Jung SP , Kim SY , Lee TY , Cho YC , Lee DB .
Department of Preventive Medicine & Public Health, College of Medicine, Chungnam National University, Korea.

To investigate the effects of cardiovascular risk factors on hearing loss, hearing threshold and cardiovascular risk factors such as blood pressure, hematologic values, and serum lipid levels of 3,827 persons who visited the Health Center of a University Hospital in Kumi for health examination from January 1, 1995 to July 31, 1997 were analysed.
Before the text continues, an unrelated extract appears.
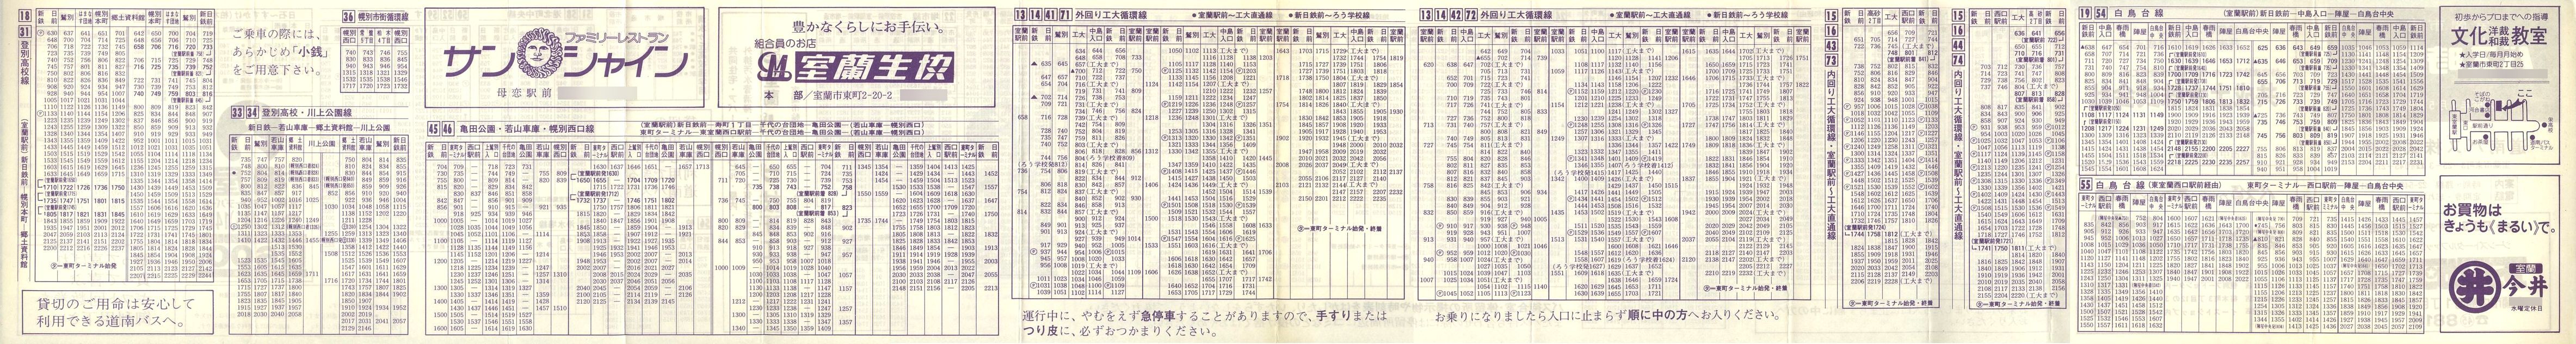 1981-04-05改正_道南バス_室蘭市内線時刻表裏面
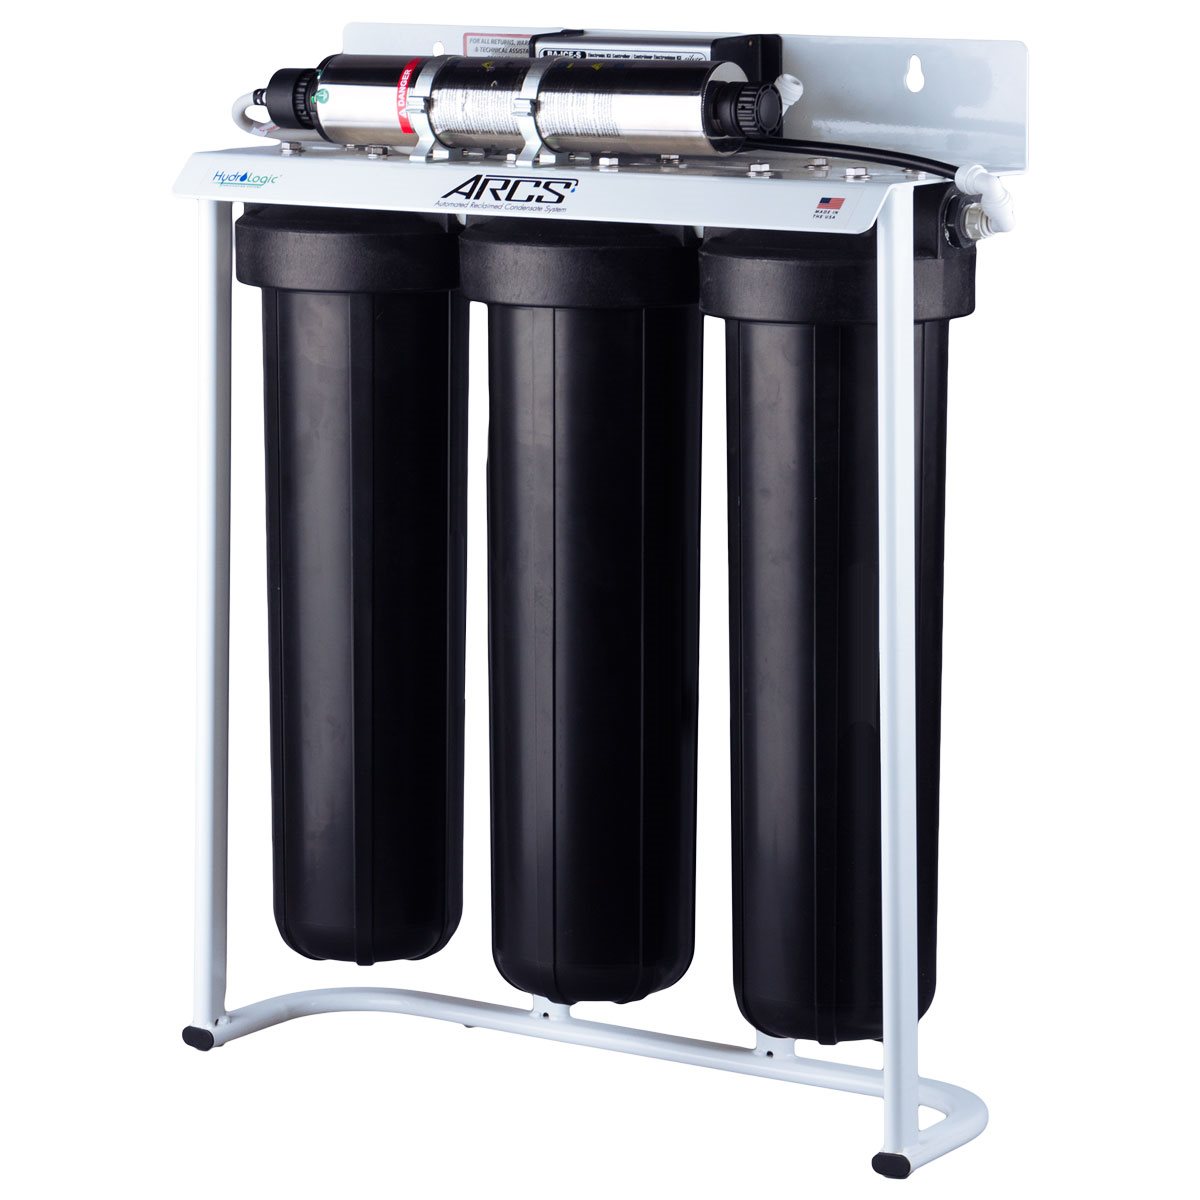 Product Image:Réseau de filtres du système ARCS HydroLogic

The results were summarized as follows ; 1. Hearing threshold was shifted highly in both sex groups with age increased. Smoking did not influence increase of hearing loss, but drinking alcohol amount increased hearing threshold when sex was adjusted. The most highly increased hearing threshold showed among farmers group, but next was blue collars group. Hearing threshold increasing basis with BMI increased. 2. Systolic and diastolic blood pressure and hematocrit value increased the hearing threshold in both sex groups, but hemoglobin value did not related to the hearing threshold. 3. Total cholesterol, LDL-cholesterol, triglyceride, and atherosclerosis index were significantly increased with the grade of hearing lose increased, when age was adjusted. 4. In the logistic regression analysis, the atherosclerosis index, age, and hematocrit value revealed risk factors which contributed in that orders, though the values were small they showed statistical significances, but the risks were lowered when hemoglobin values increased, in both sex groups. Consequently, hyperlipidemia was significantly related to the hearing loss when age was adjusted.